_Assignment:_ Having located "Lechtlhof mit seinem Panorama" in the listing below, write out its line and every following line exactly, last line included, without the pictures.

_Recorded data:_
---------------
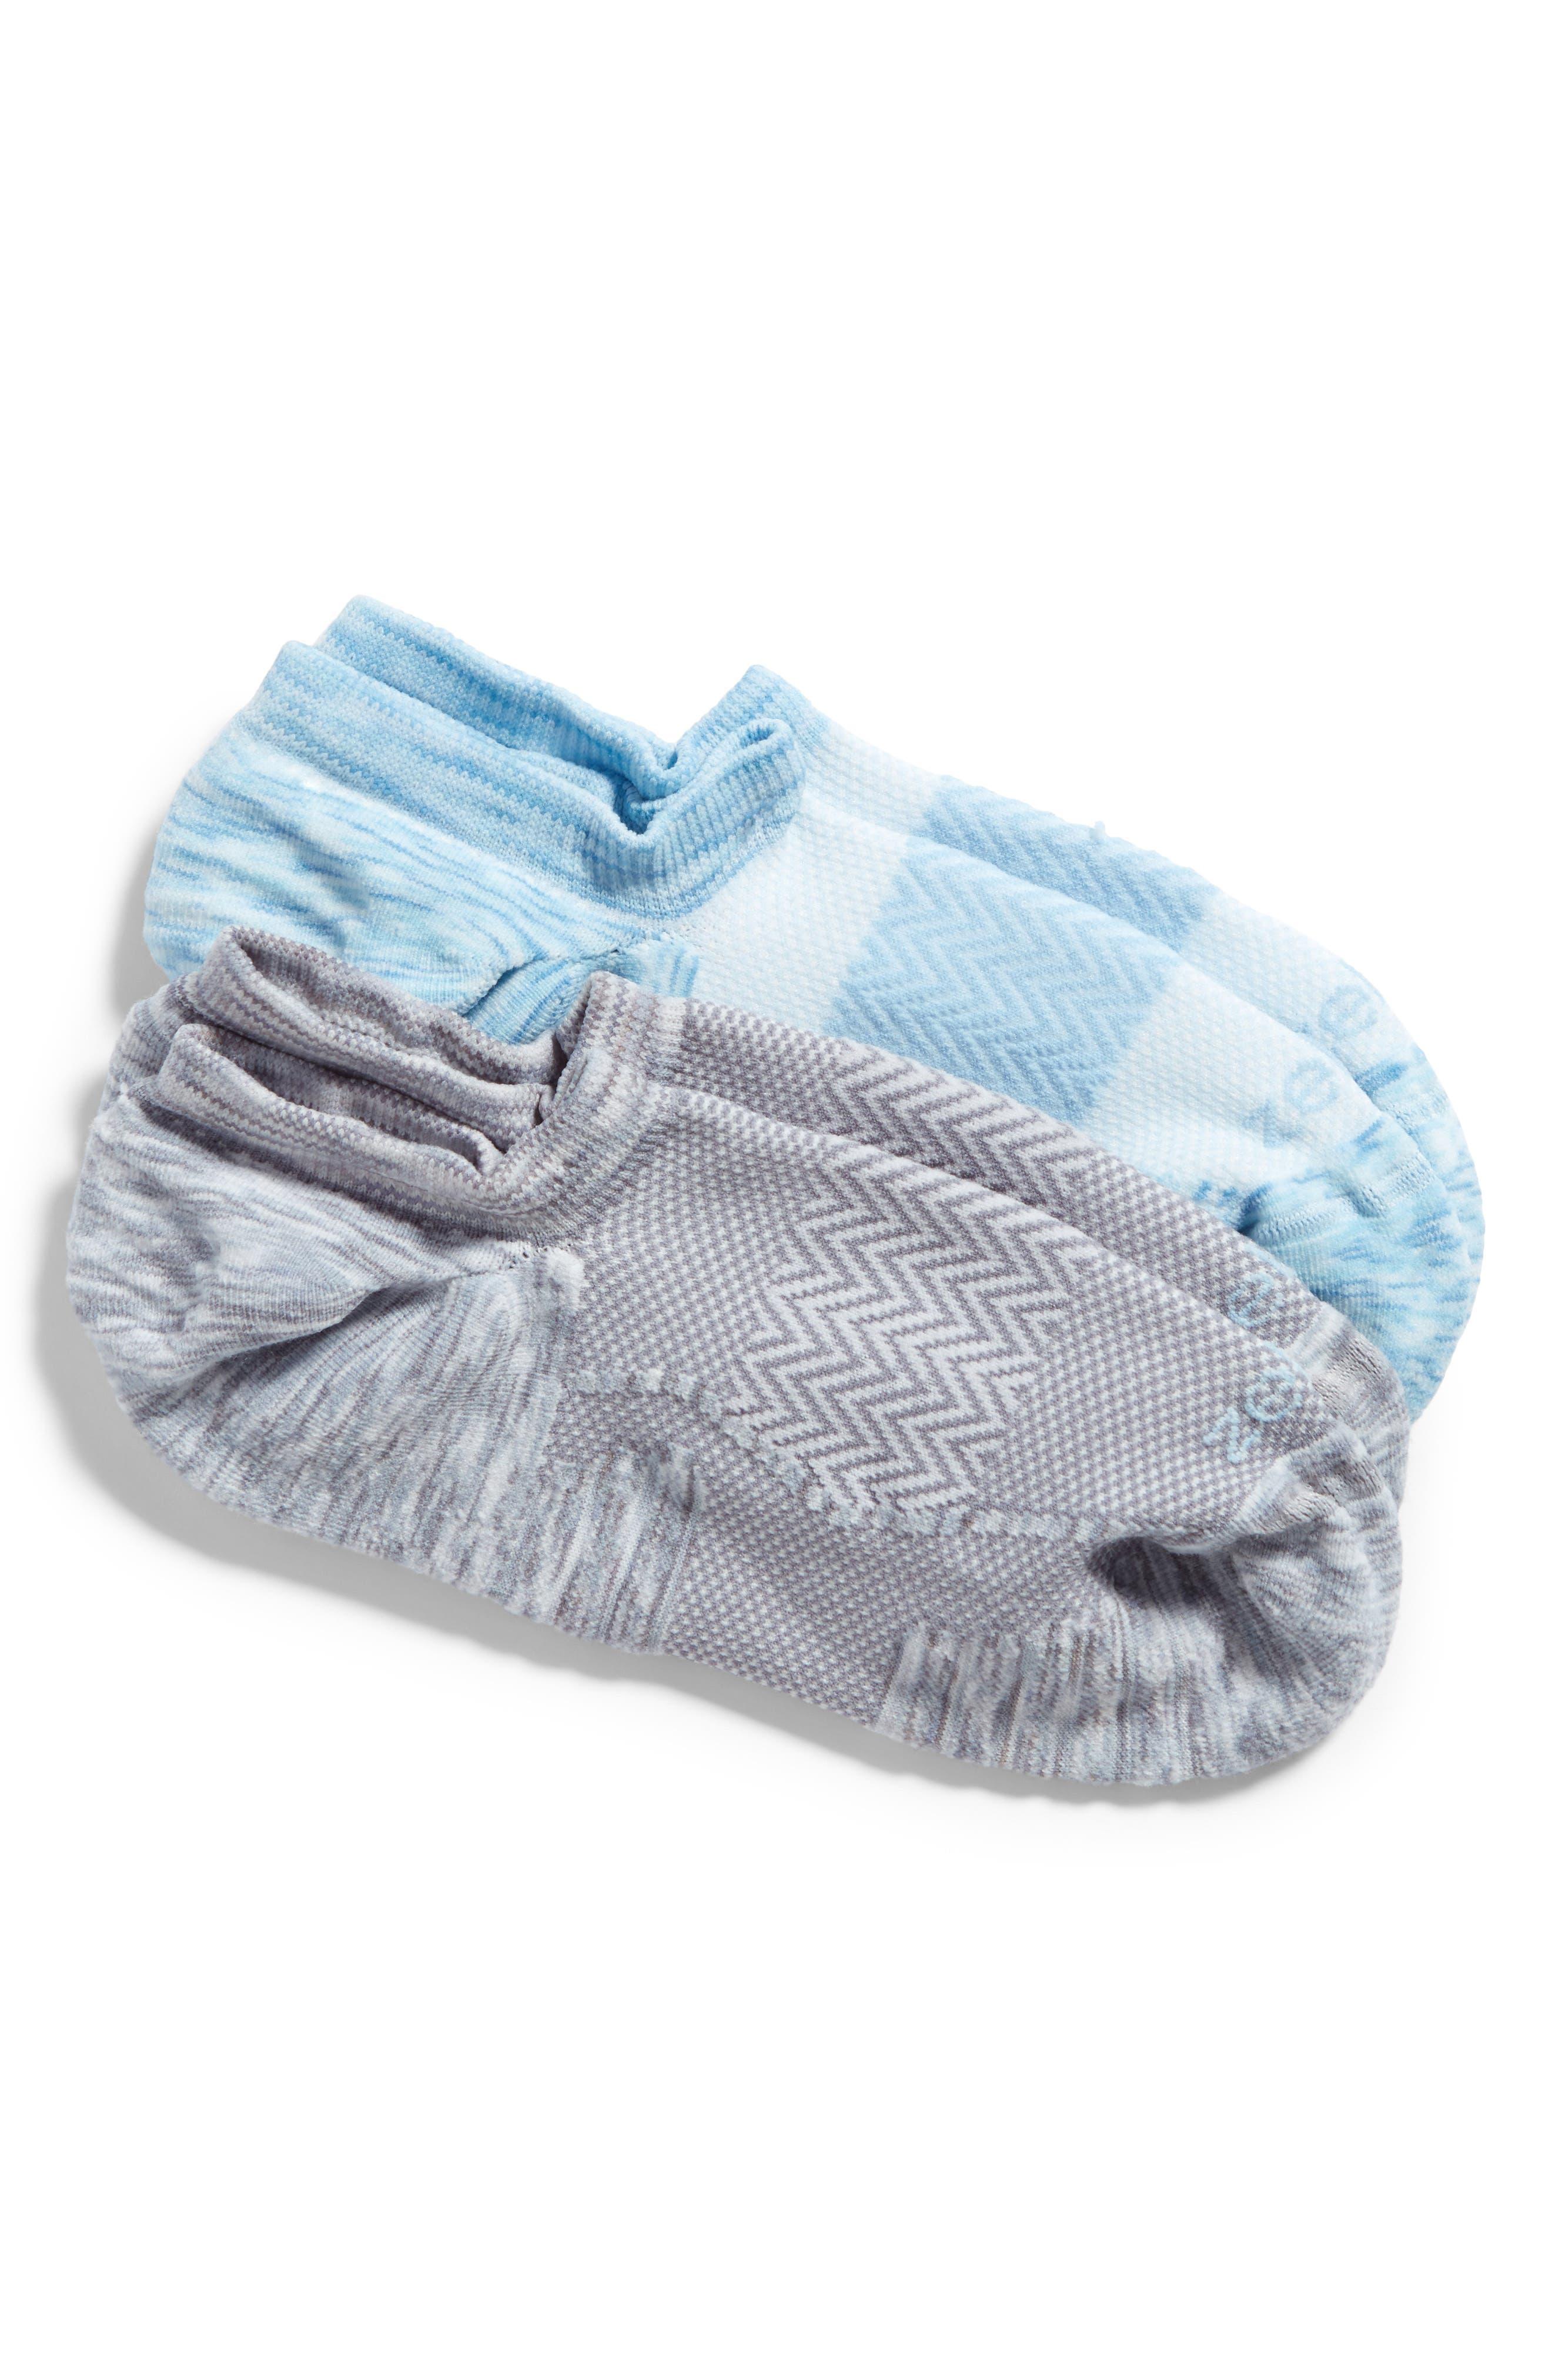 2-Pack Cushioned Low-Cut Running Socks,                             Main thumbnail 1, color,                             Grey Graphite
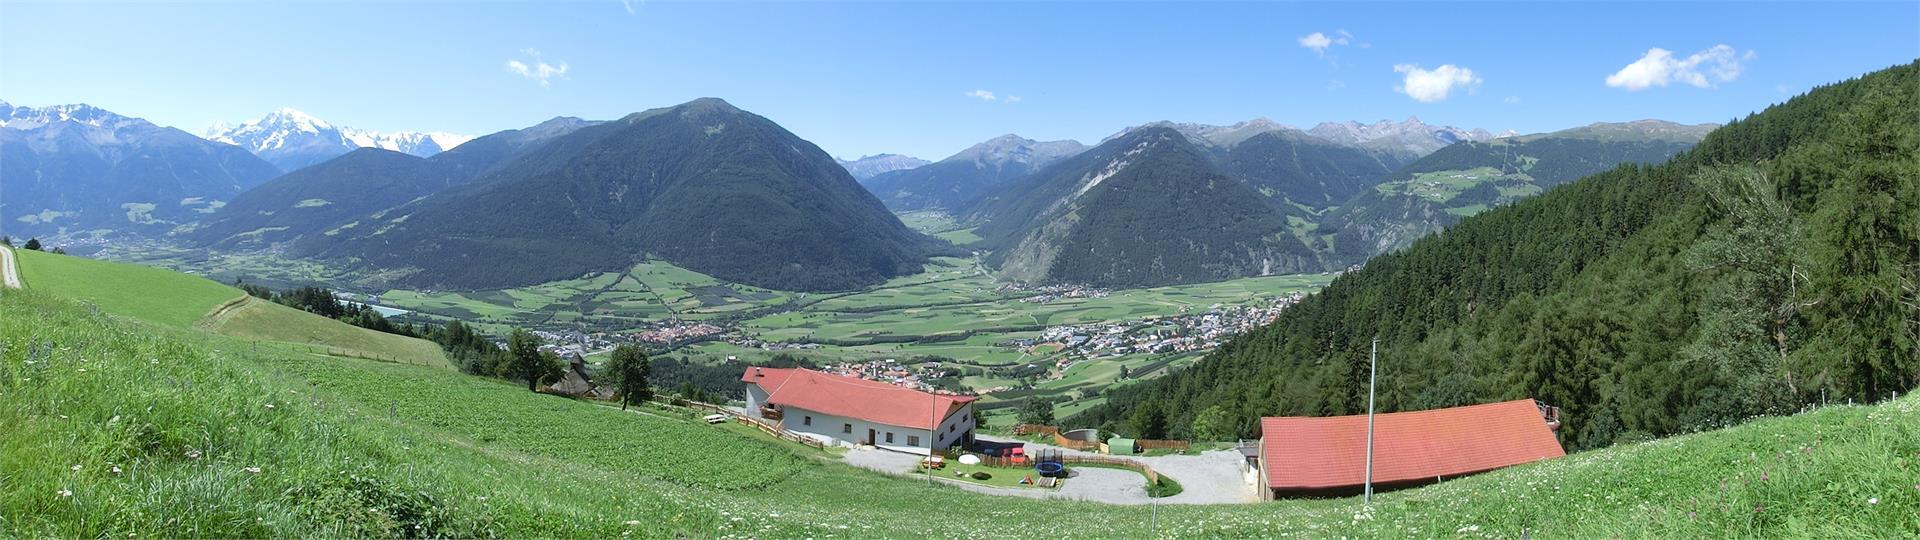 Lechtlhof mit seinem Panorama
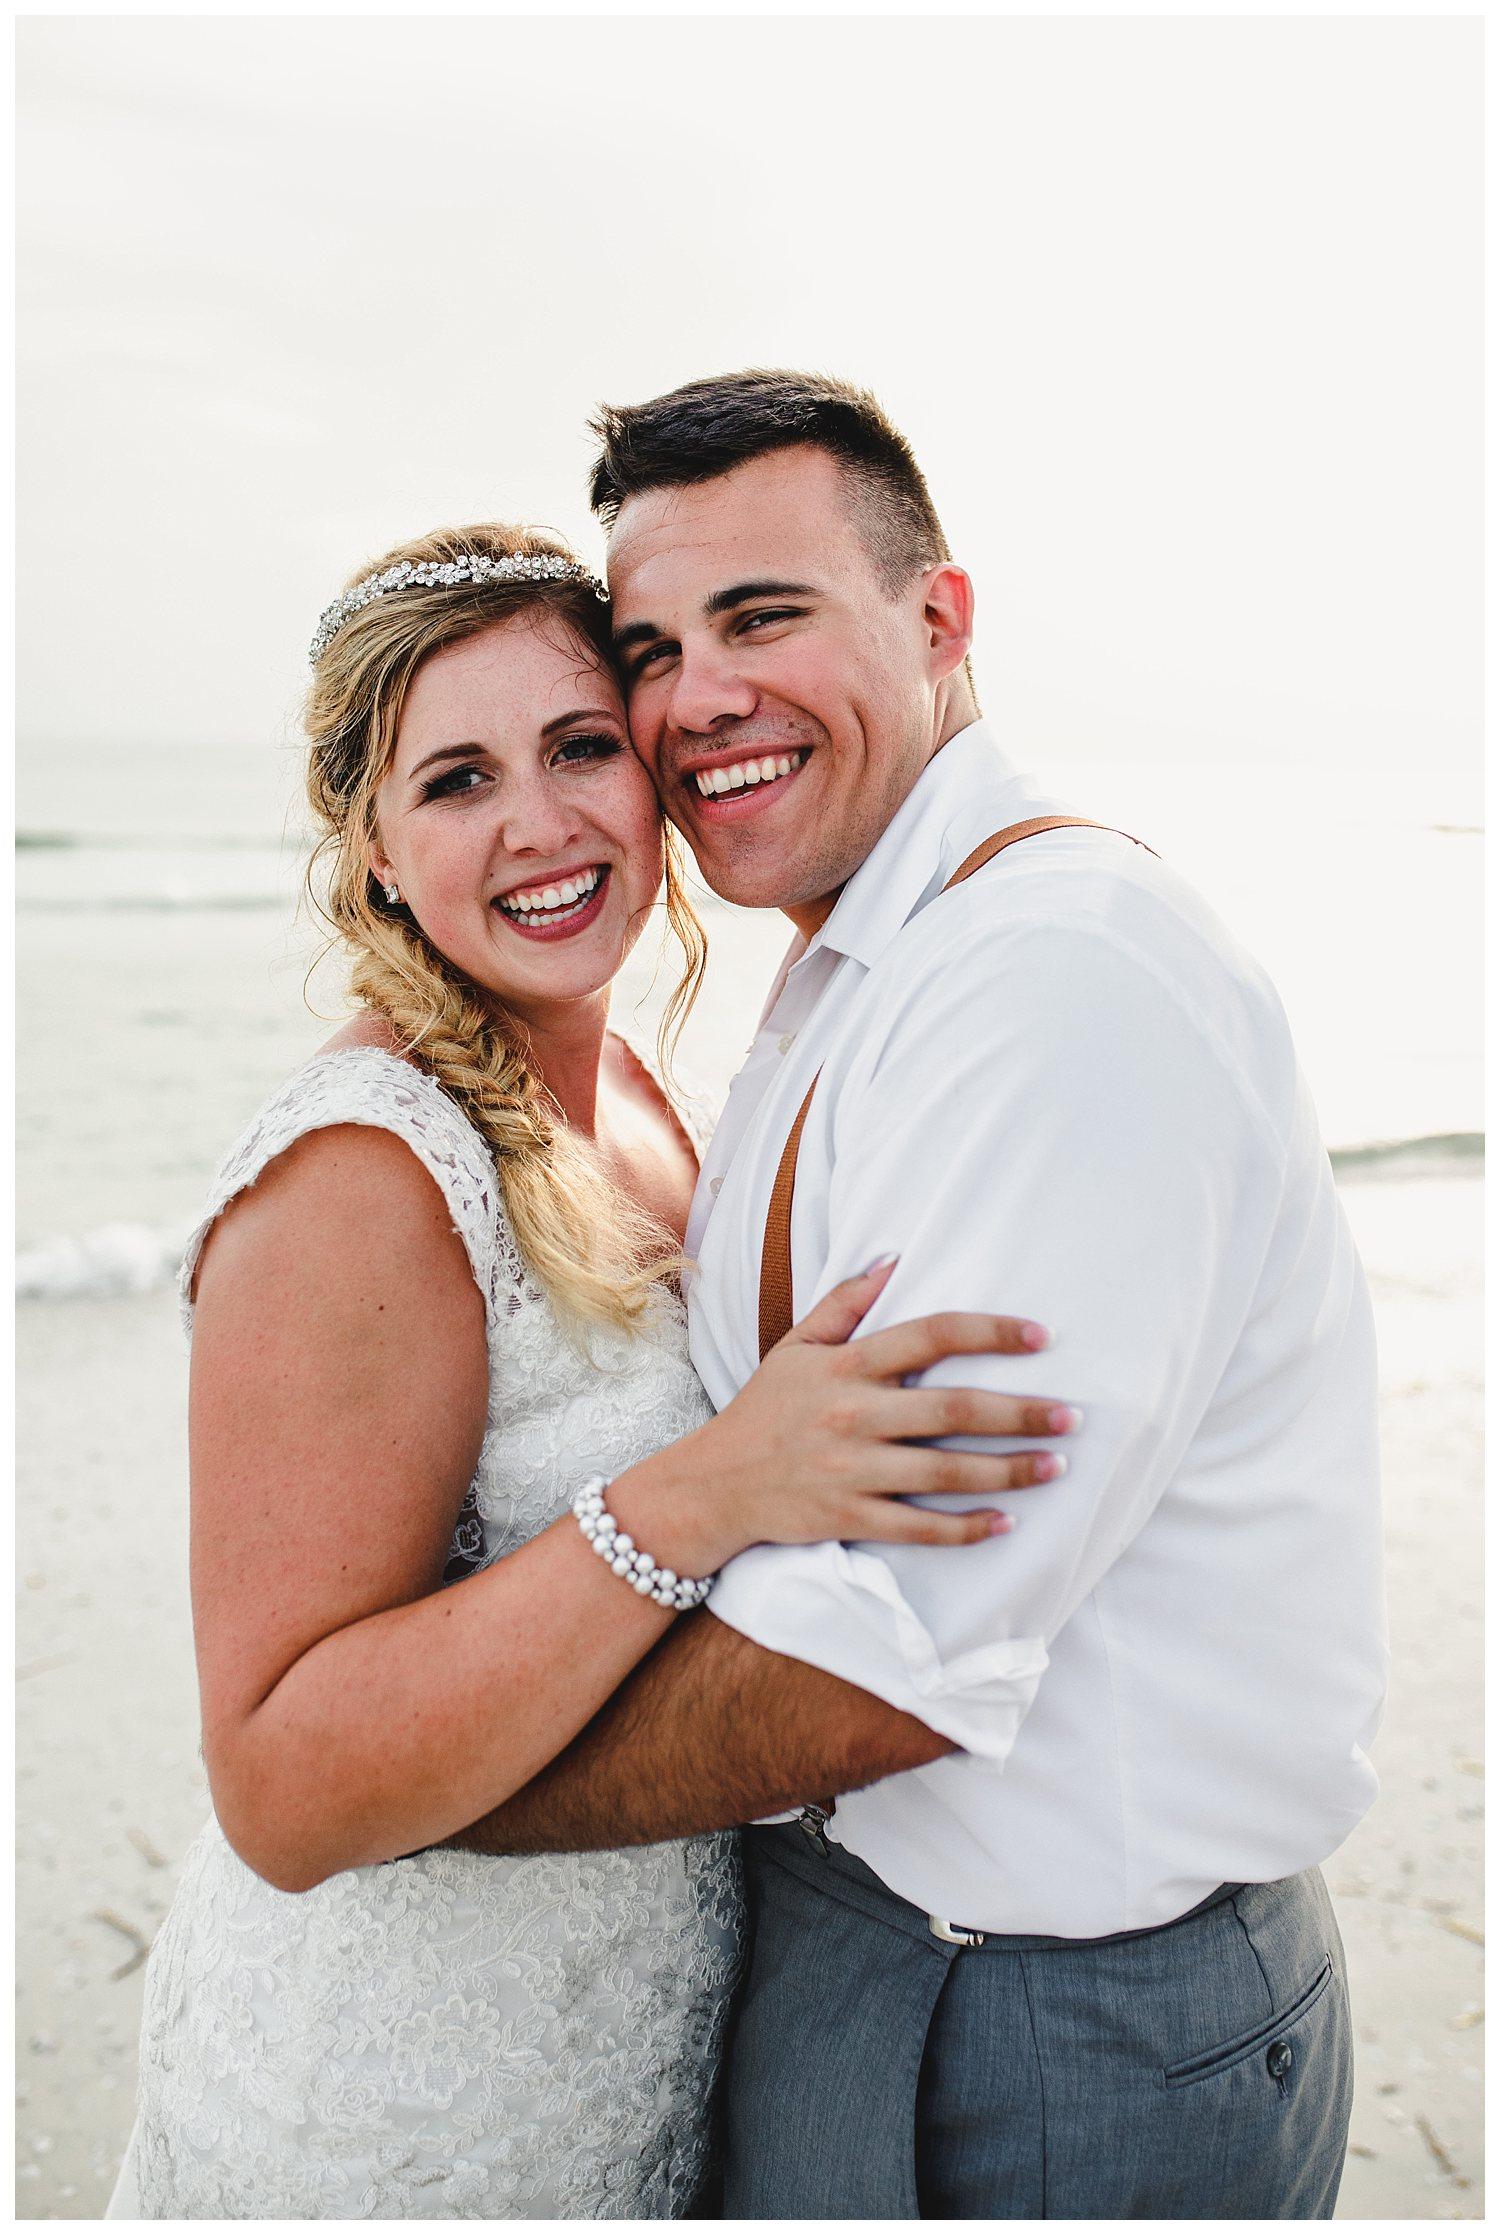 Kelsey_Diane_Photography_Destination_Wedding_Sarasota_Florida_Beach_Wedding_Alex_Austin_0676.jpg
---------------
_Response to the exercise:_
 Lechtlhof mit seinem Panorama
 Kelsey_Diane_Photography_Destination_Wedding_Sarasota_Florida_Beach_Wedding_Alex_Austin_0676.jpg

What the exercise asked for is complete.